A Mercedes ainda é uma marca premium. Sim, conseguiu expandir um pouco seu mercado para o público que quer performance, porém, quem compra Mercedes quer prestígio, e de certa forma, se lixa para a F1. Somente estando na F1, a Mercedes já supera suas duas grandes rivais, Audi e BMW, que estão de fora, e vende seus carrões (e veículos comerciais) com grande margem de lucro no mundo inteiro.

A Ferrari é uma marca de super carros. Francamente, pouco também importa comercialmente se a Ferrari deixar de ganhar GPs, pois o cara que compra uma Ferrari tem que ter um bolso bem cheio, e também quer prestígio, e no fundo se lixa para a F1. Quer impressionar os outros, principalmente mulheres. E os carros da Ferrari também têm uma margem para lá de gorda.

Deixemos a Honda de lado.

E a Renault? A Renault não produz nem super-carros, nem carros premium. De fato, produz carros básicos, com margem baixíssima e tem forte concorrência no mercado mundial. Ela não tem que convencer algumas centenas de milhares de endinheirados que compram Mercedes e Ferrari, e sim centenas de milhões de pessoas que têm que escolher entre dezenas de outras marcas. Ganhar para a Renault é muito mais necessário do que para a Ferrari e Mercedes, sob o ponto de vista de marketing, pois ela tem que justificar que seus econoboxes são produzidos por uma empresa diferenciada. O sujeito que compra um Renaultzinho quase pé-de-boi gosta de pensar que a fábrica do seu carro bateu nas pistas a Ferrari que o passou voando na estrada e o polidíssimo Mercedes que estacionou do seu lado na garagem. E a empresa que justificar o custo imenso de participar na F1.

A Renault simplesmente não pode pagar mico na F1, a Mercedes e ferrari até podem.

Não teria sido o primeira fabricante de motores a sair da F1 quando um outro motor se tornou hegemônico. O motor Cosworth, que estreou na F1 em 1967, ganhou seu primeiro campeonato em 1968, e no terceiro, ganhou todas as corridas! Seu dominio levou embora os motores Honda, Repco, Maserati, Weslake, Sereníssima, e por muito pouco não leva também o BRM e Ferrari, pois esta última chegou a ponderar um sabático do mundo dos GPs.

Notem, entretanto, que são épocas diferentes. Naquela época, pouca gente seguia GPs, que sequer eram transmitidos por TV. Comercialmente, o esporte era pouco explorado, embora vez por outra aparecesse algum anúncio com monopostos até mesmo em revistas não especializadas, principalmente anúncios de gasolina, óleo e peças para carros. No caso do motor Cosworth, patrocinado pela Ford, esta era a única grande montadora no palco na F1 da época. A Honda engatinhava na produção de carros, a Maserati ia bem mal das pernas, muito obrigado, e os outros fabricantes eram especialistas em corridas.

A Renault, por bem, por mal, obtém alguma expressão fornecendo motores para a GP2  e Fórmula E, sem qualquer concorrência.

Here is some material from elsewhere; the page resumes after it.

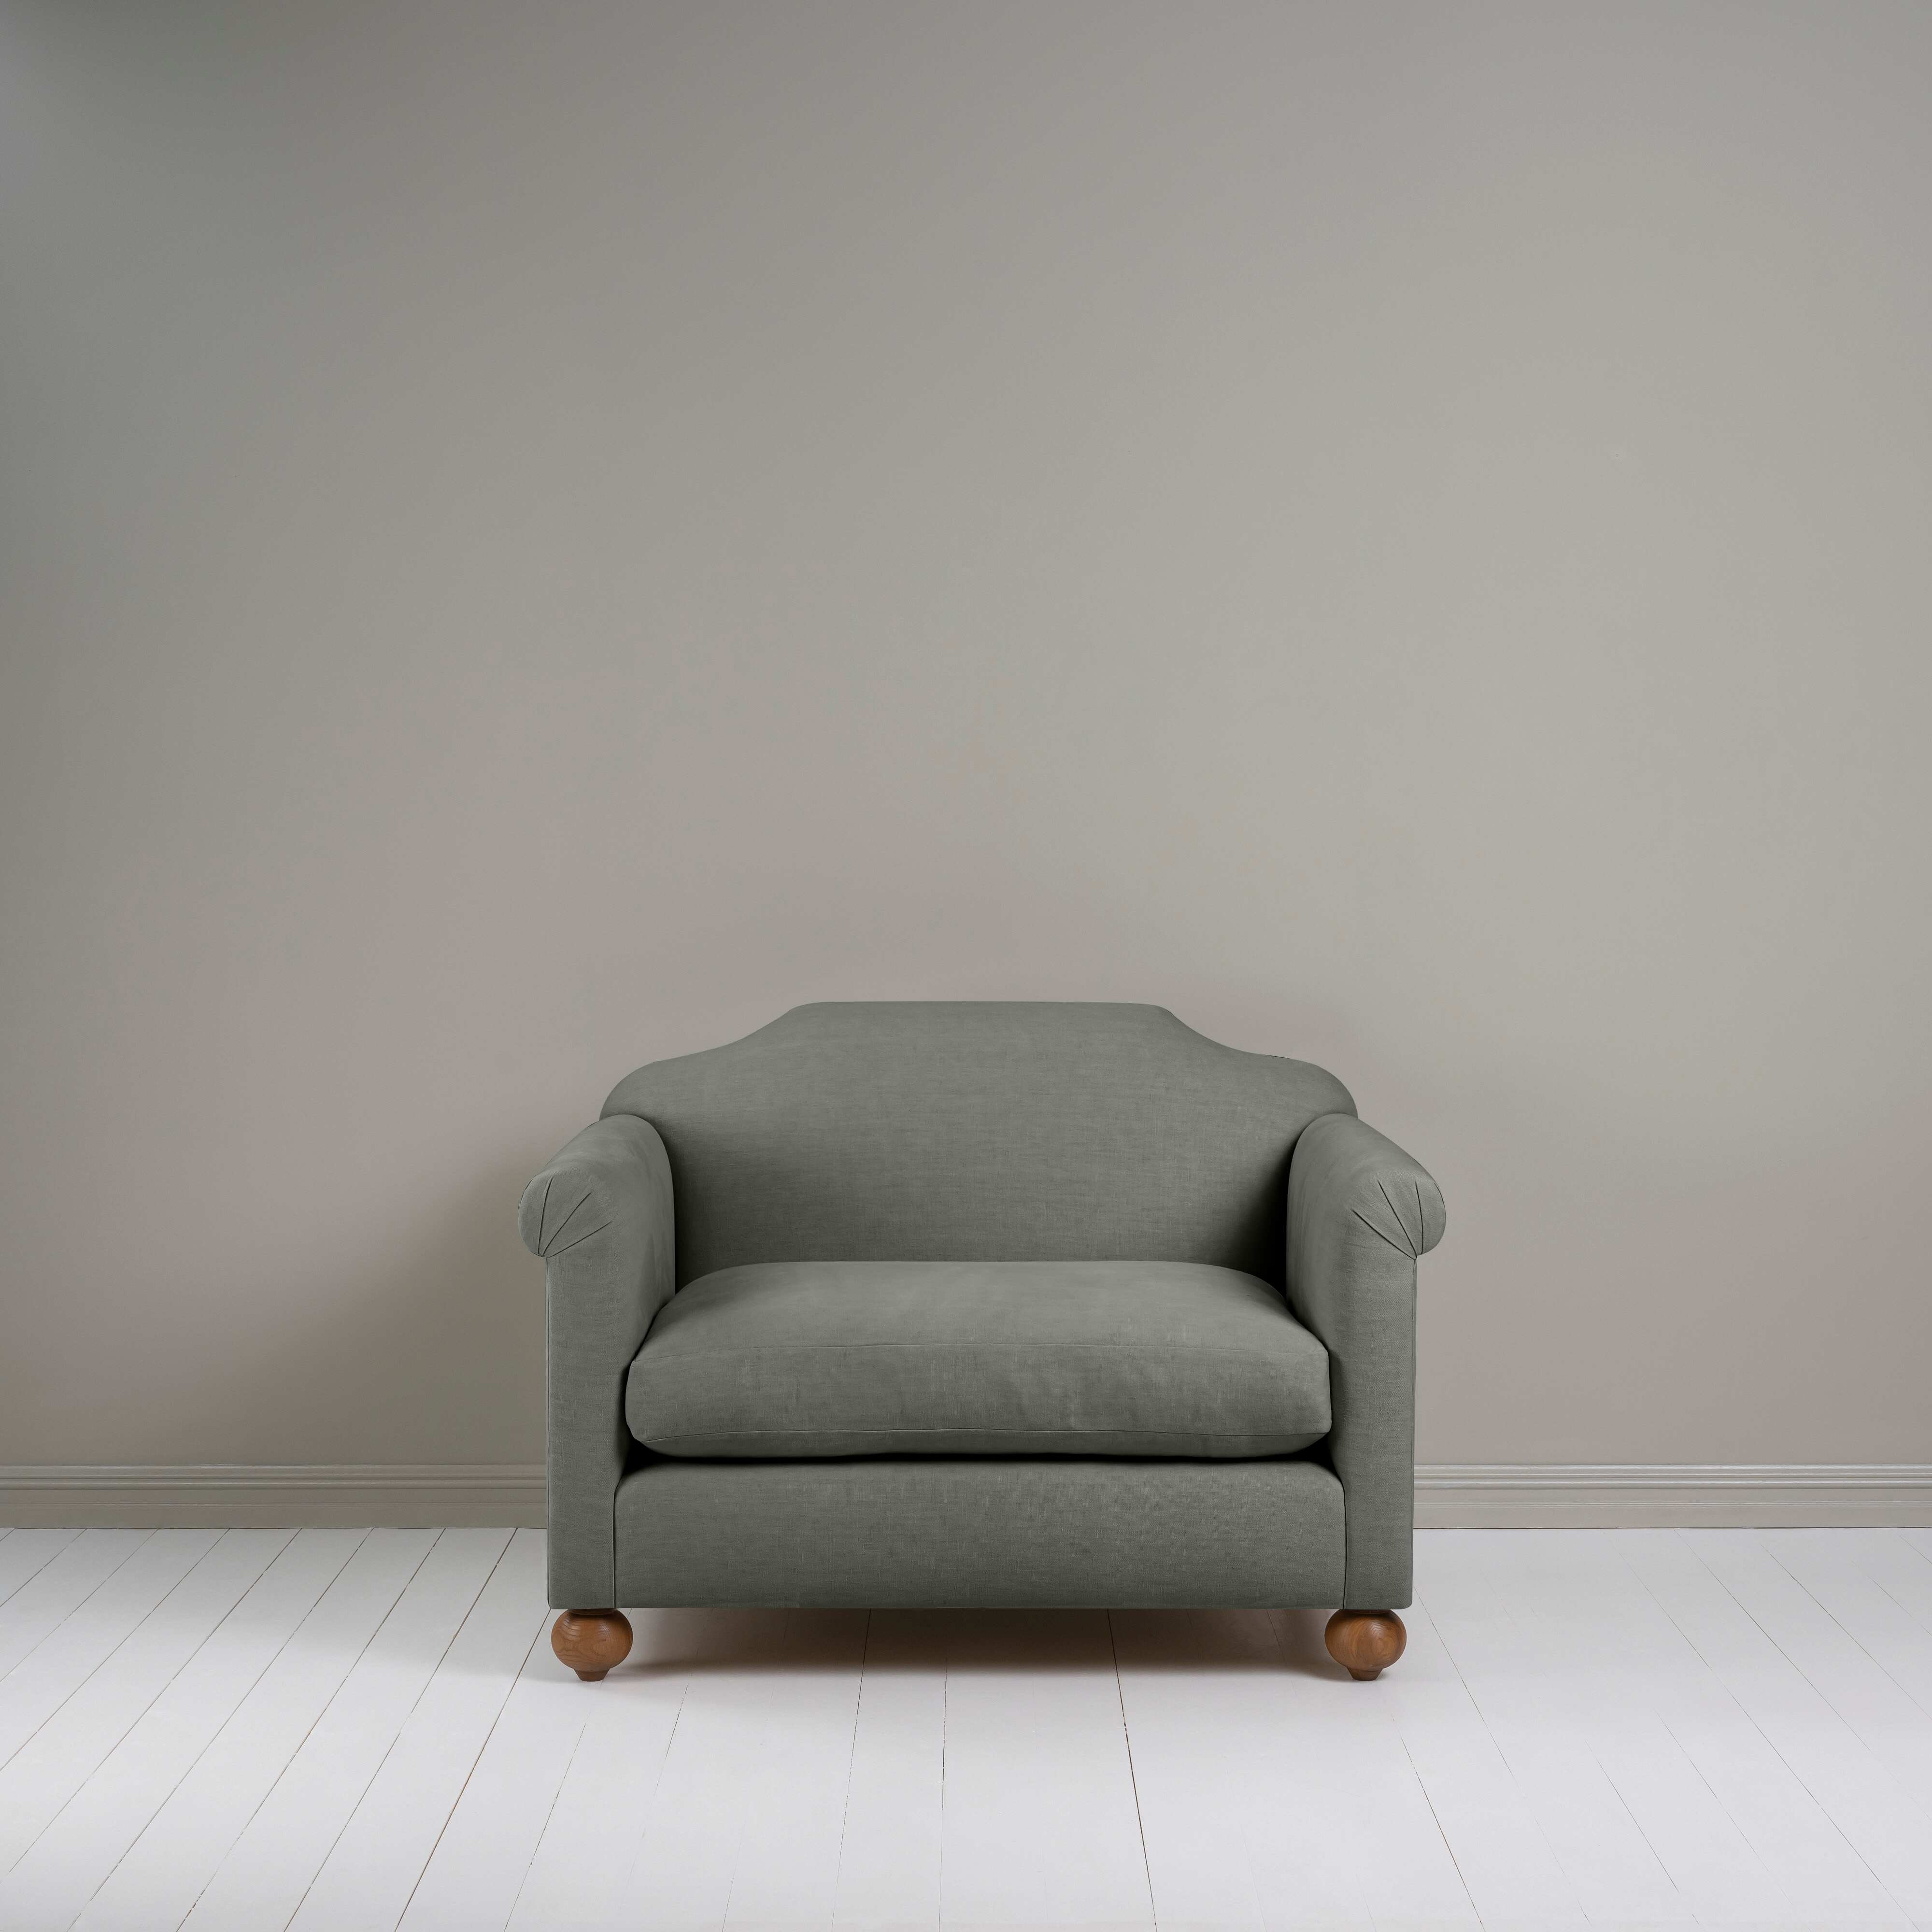  Dolittle Love Seat in Laidback Linen Shadow

Na realidade, o torcedor gostaria que as montadoras pensassem como eles, e que realmente estão ali só pela disputa. Não estão, nunca estiveram, nunca estarão. Poucos foram os campeonatos disputados por um número grande de montadoras até hoje. No máximo, 3 ou 4 se digladiam nas pistas. Há uns 20 anos atrás,  houve um campeonato com muitas montadoras, o BTCC dos anos 90. Geralmente, após ganhar campeonatos, a montadora vencedora se mandava, tendo cumprido seu objetivo, e outras que não ganhavam nada, também saíam de banda . Depois de atingir o plantel de 10 marcas diferentes por volta de 1994, no final da década não sobrou quase ninguém e o campeonato foi à míngua.

Para um Conselho de Administração de uma montadora aprovar um orçamento de centenas de milhões de dólares para estar na F1, é preciso ganhar, ou pelo menos disputar mano-a-mano.

Também não me supreende a Red Bull falar em sair do esporte. Red Bull não é uma Mclaren ou Williams, empresas que surgiram no automobilismo com gasolina no DNA. No DNA da Red Bull está uma bebida energética, artigo hoje popular e considerado seguro, porém, sabe-se lá até quando...Para a empresa austríaca justificar a despesa de alinhar grande parte do grid, também é necessário ter a certeza de que pelo menos tem a chance de ganhar, que não é o caso atual.

Não são chorões, não. São práticos, pois dinheiro não nasce em árvores, nem para a Red Bull nem para a Renault. As pessoas nivelam seus argumentos a um nível tão ingênuo que não vale a pena discutir.

O que tinha a dizer sobre o assunto, está dito aqui.